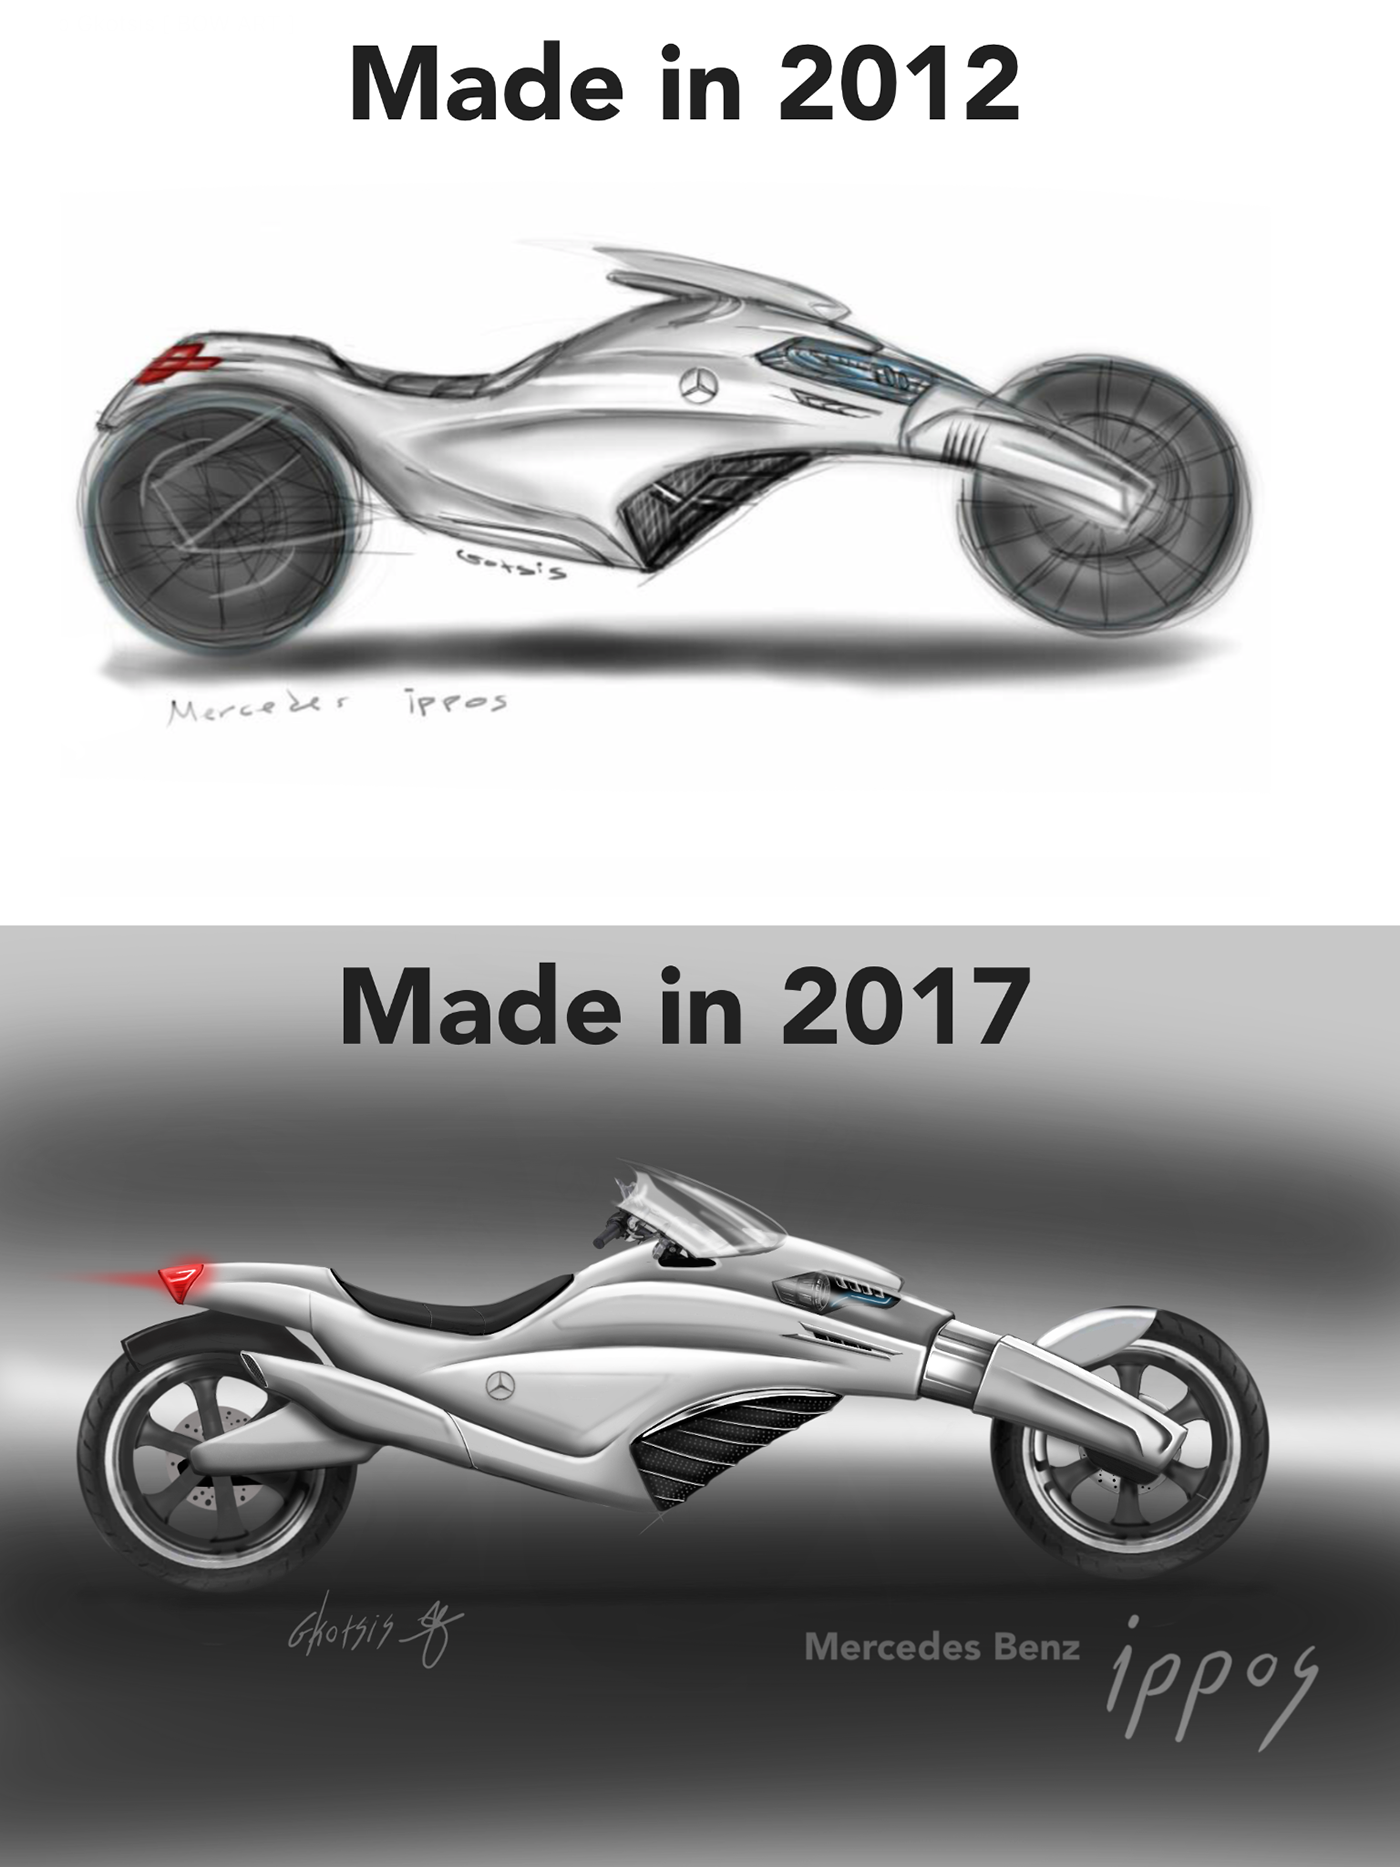 Mercedes Benz mercedes concept  concept concept design Automotive design automotive   moto motorcycle Motorcycle Concept conceptual design industrial design 
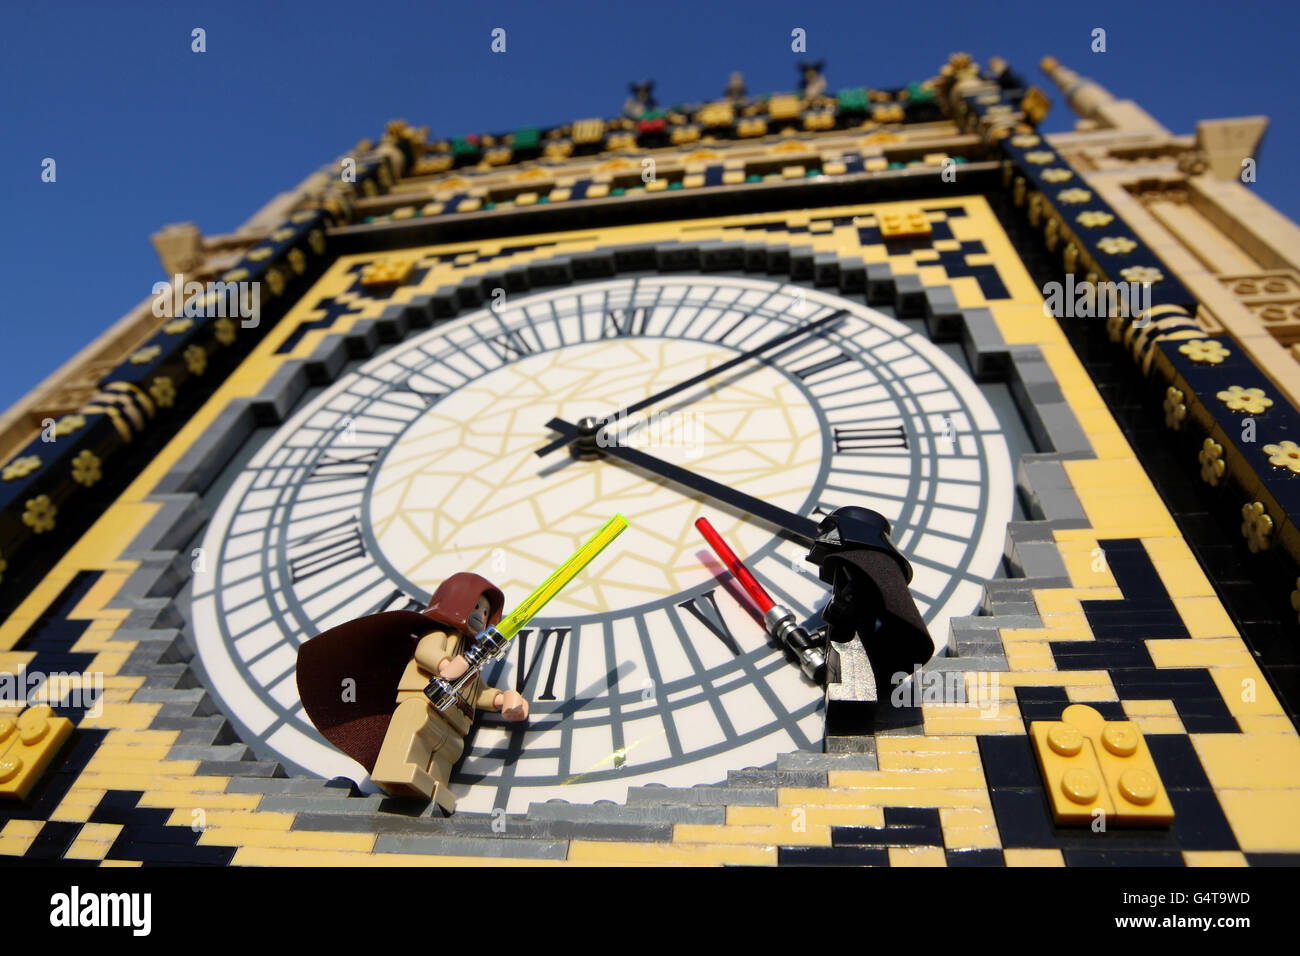 Darth Vader e OBI-WAN Kenobi combattono sul quadrante dell'orologio del Big  ben di Londra a Miniland a Legoland Windsor come il paesaggio LEGO in  miniatura, È stato rilevato da eroi e cattivi
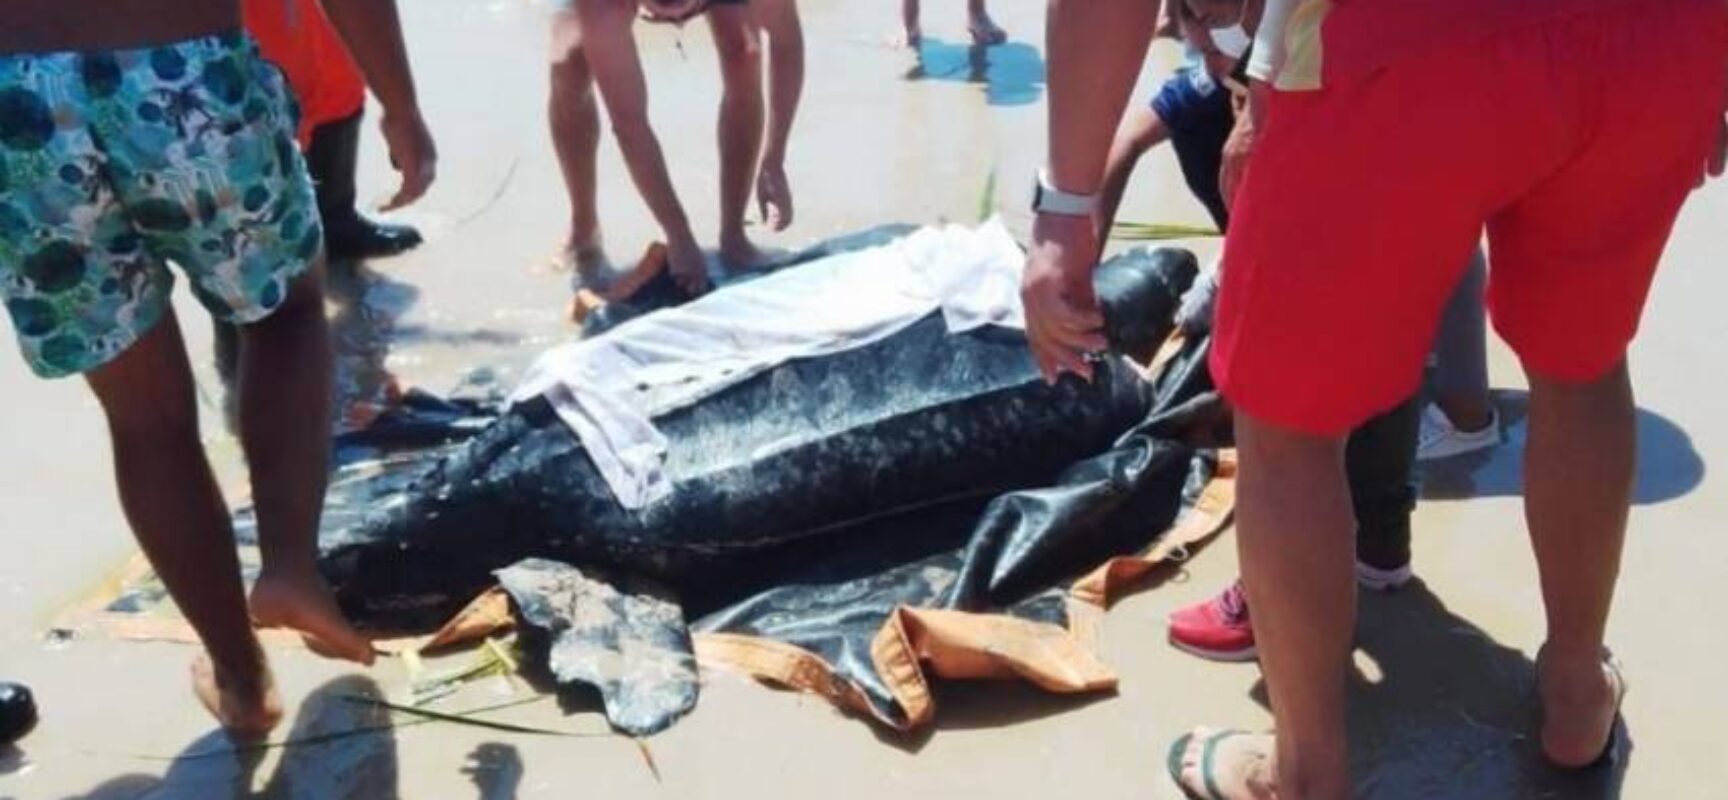 Tartaruga com mais de 200 kg é resgatada em praia no distrito de Olivença, Ilhéus
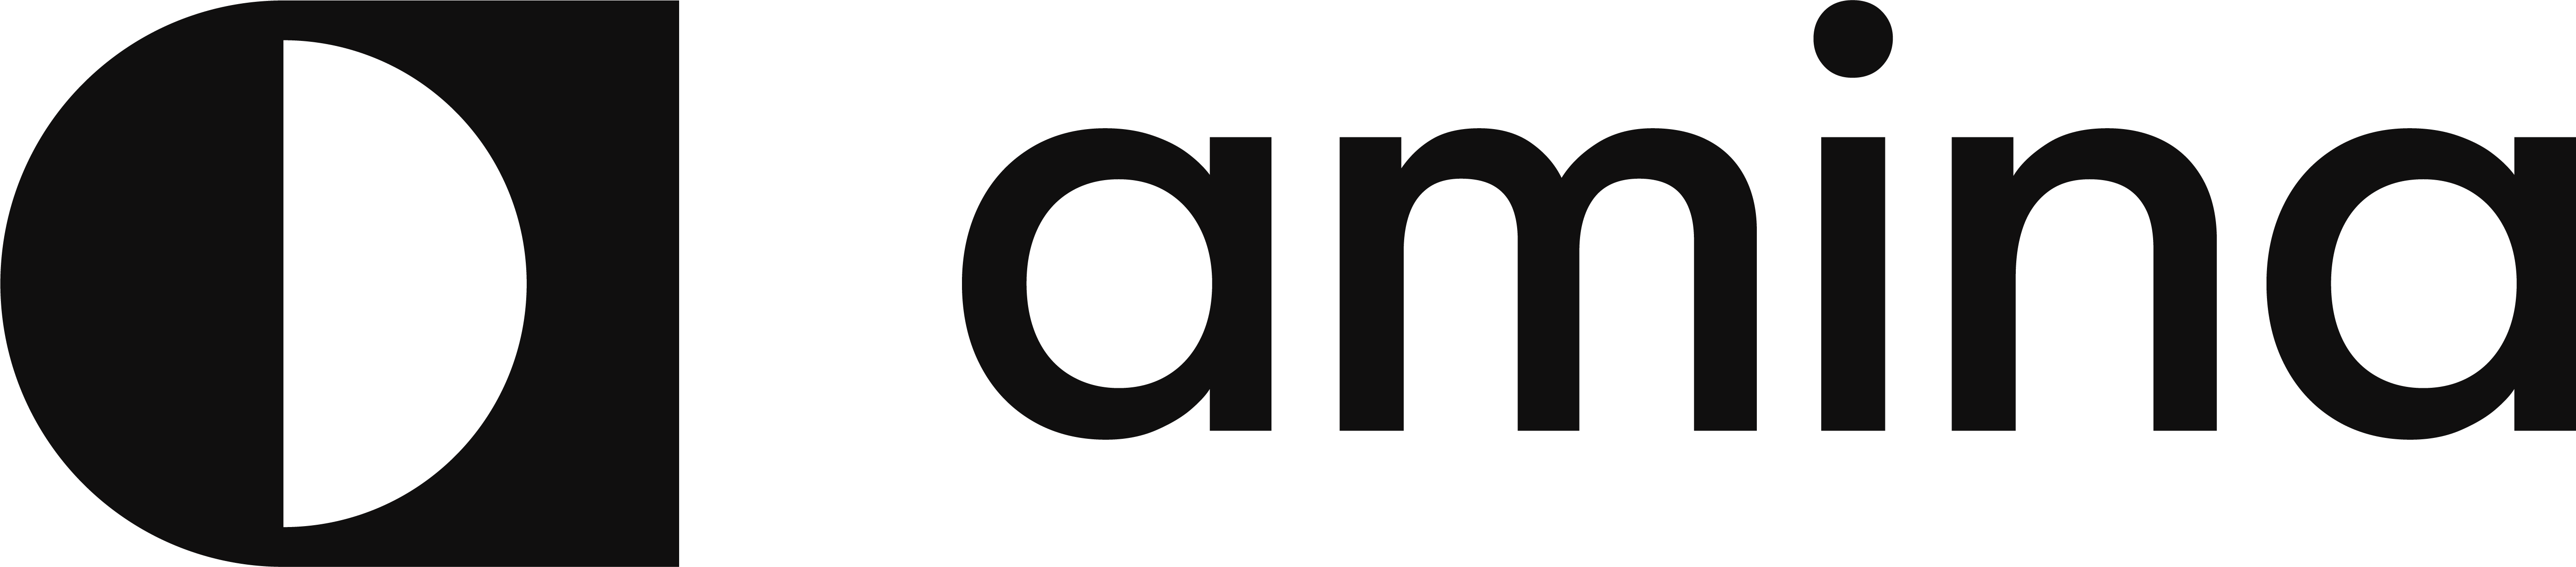 logo for Amina charging
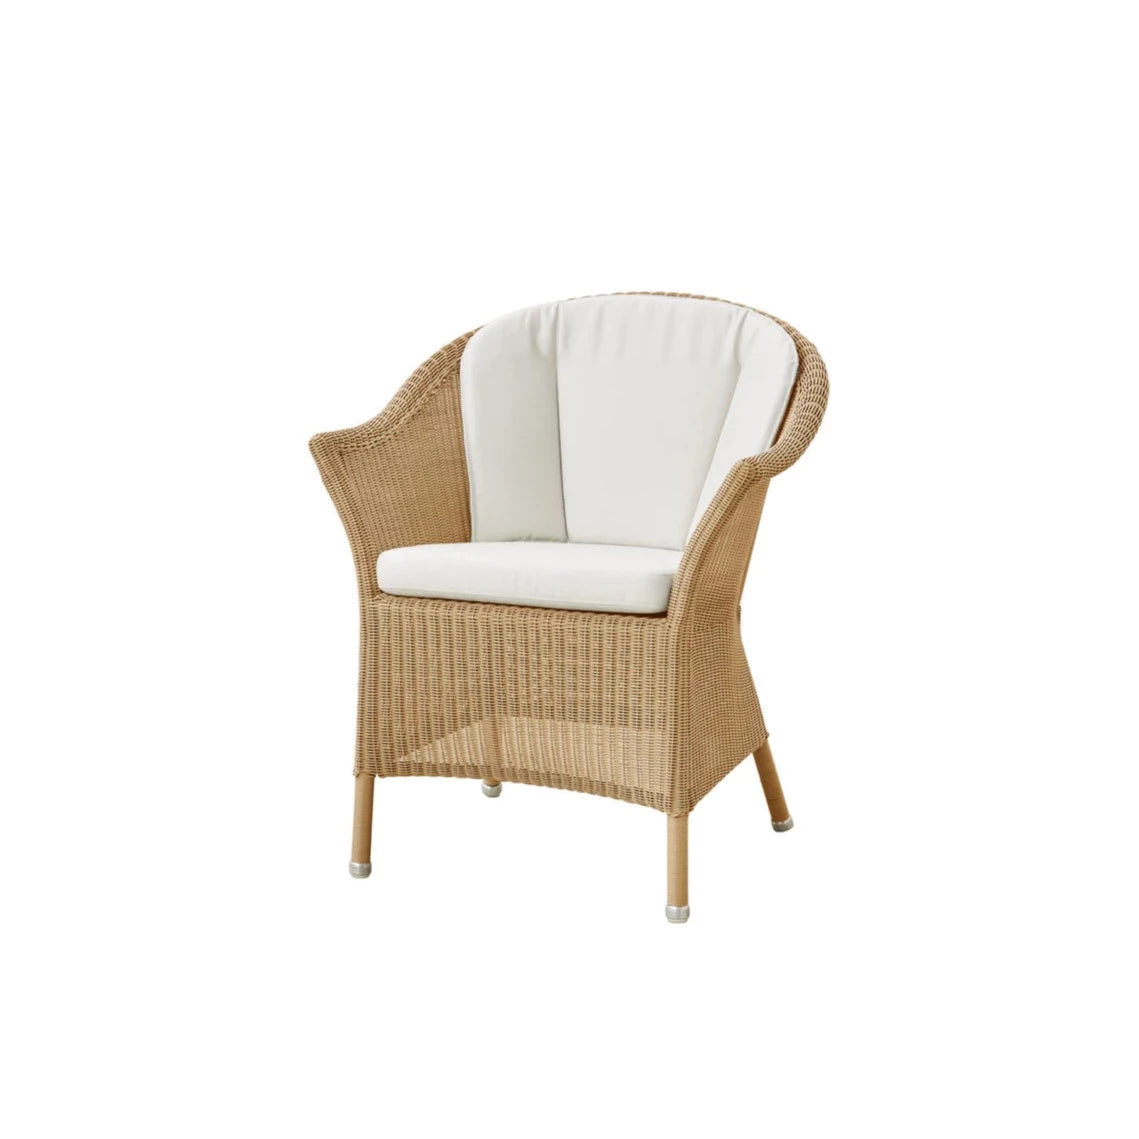 Cane-Line Lansing Stuhl, weiße Sitz- und Rückenpolster

TASK STATEMENT
The whole listing above, minus its pictures, is what you should write out word for word.

SOLUTION FOR THIS TASK
 Mercedes Benz mercedes concept  concept concept design Automotive design automotive   moto motorcycle Motorcycle Concept conceptual design industrial design 
 Darth Vader e OBI-WAN Kenobi combattono sul quadrante dell'orologio del Big  ben di Londra a Miniland a Legoland Windsor come il paesaggio LEGO in  miniatura, È stato rilevato da eroi e cattivi
 Tartaruga com mais de 200 kg é resgatada em praia no distrito de Olivença, Ilhéus
 logo for Amina charging
 Cane-Line Lansing Stuhl, weiße Sitz- und Rückenpolster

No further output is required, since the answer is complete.